I'm given the following problem:
Suppose that $X$ is a continuous random variable, with CDF ($F_X$) given by:
\begin{cases} 0 & x < 0\\ 1 - e^{-x} & x \geq 0 \end{cases}
Find the CDF of $(X-10)^2$.
Attempted solution.
Let $Y = (X - 10)^2$. As $X$ is a random variable, $Y$ must also be a random variable.
Let $F_Y$ be the CDF of $Y$. By definition:
$F_Y = P(Y \leq y) = P((X - 10)^2 \leq y ) = P(10 - \sqrt{y} \leq X \leq \sqrt{y} + 10)$
It can be shown that (this is given in the class text):
$= F_X(\sqrt{y} + 10) - \lim_{x\to 10 - \sqrt{y}} F_X)\;\;\;$
But this $= F_X(10 + \sqrt{y}) - F_X(10 - \sqrt{y})$ since $F_X$ is continuous.
Now, we find $F_X(10+\sqrt{y})$ and $F_X(10 - \sqrt{Y})$...
$F_X(10 + \sqrt{y})= \{\;1 - e^{-(10 + \sqrt{y})} \;\;\;|\;\;\; 10 \leq 10 + \sqrt{y}\;\}$
$F_X(10 - \sqrt{y})=$ \begin{cases} 0 & x < 0\\ 1 - e^{-(10 - \sqrt{y})} & 0 \leq 10 + \sqrt{y} < 10 \end{cases}
Unfortunately, I'm not sure where to go from here (it doesn't seem to me that the difference can be taken?).
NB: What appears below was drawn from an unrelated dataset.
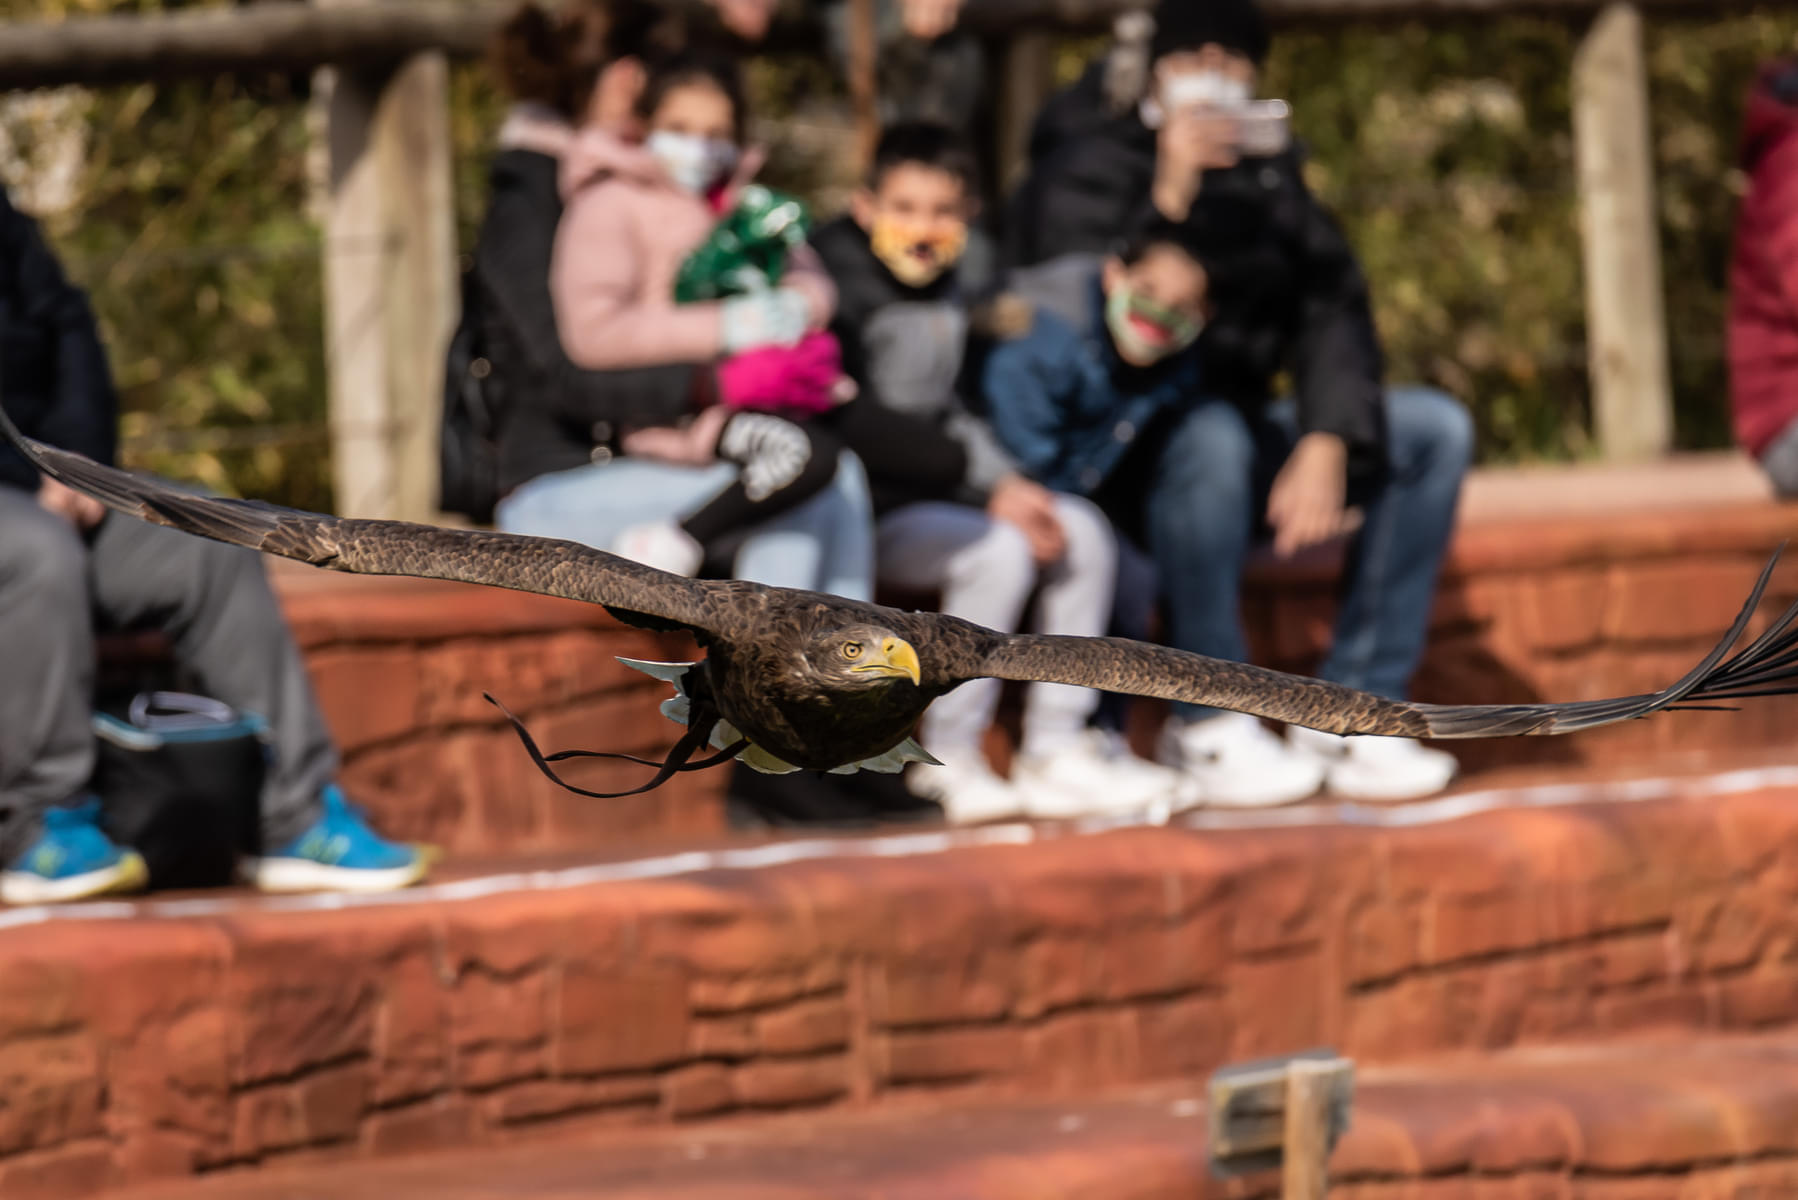 Watch eagles in action at the Birds of Prey exhibition

Further, I'm not entirely confident in what I have thus far.
Is this a valid approach, and what's the next step?
Using the support of $X$,
$F_X(10 − \sqrt y) = \begin{cases} 0 & y \gt 100\\ 1 - e^{-(10 - \sqrt{y})} & 0 \leq y \leq 100 \end{cases} $
Also, $F_X(10+\sqrt y) = 1 - e^{-(10 + \sqrt{y})}, y \geq 0$
As you rightly said, $F_Y(y) = F_X(10 + \sqrt{y}) - F_X(10 - \sqrt{y})$. So,
$F_Y(y) = \begin{cases} 0 & y \lt 0 \\ e^{-(10 - \sqrt{y})} - e^{-(10 + \sqrt{y})} & 0 \leq y \leq 100\\ 1 - e^{-(10 + \sqrt{y})} & y \gt 100 \end{cases} $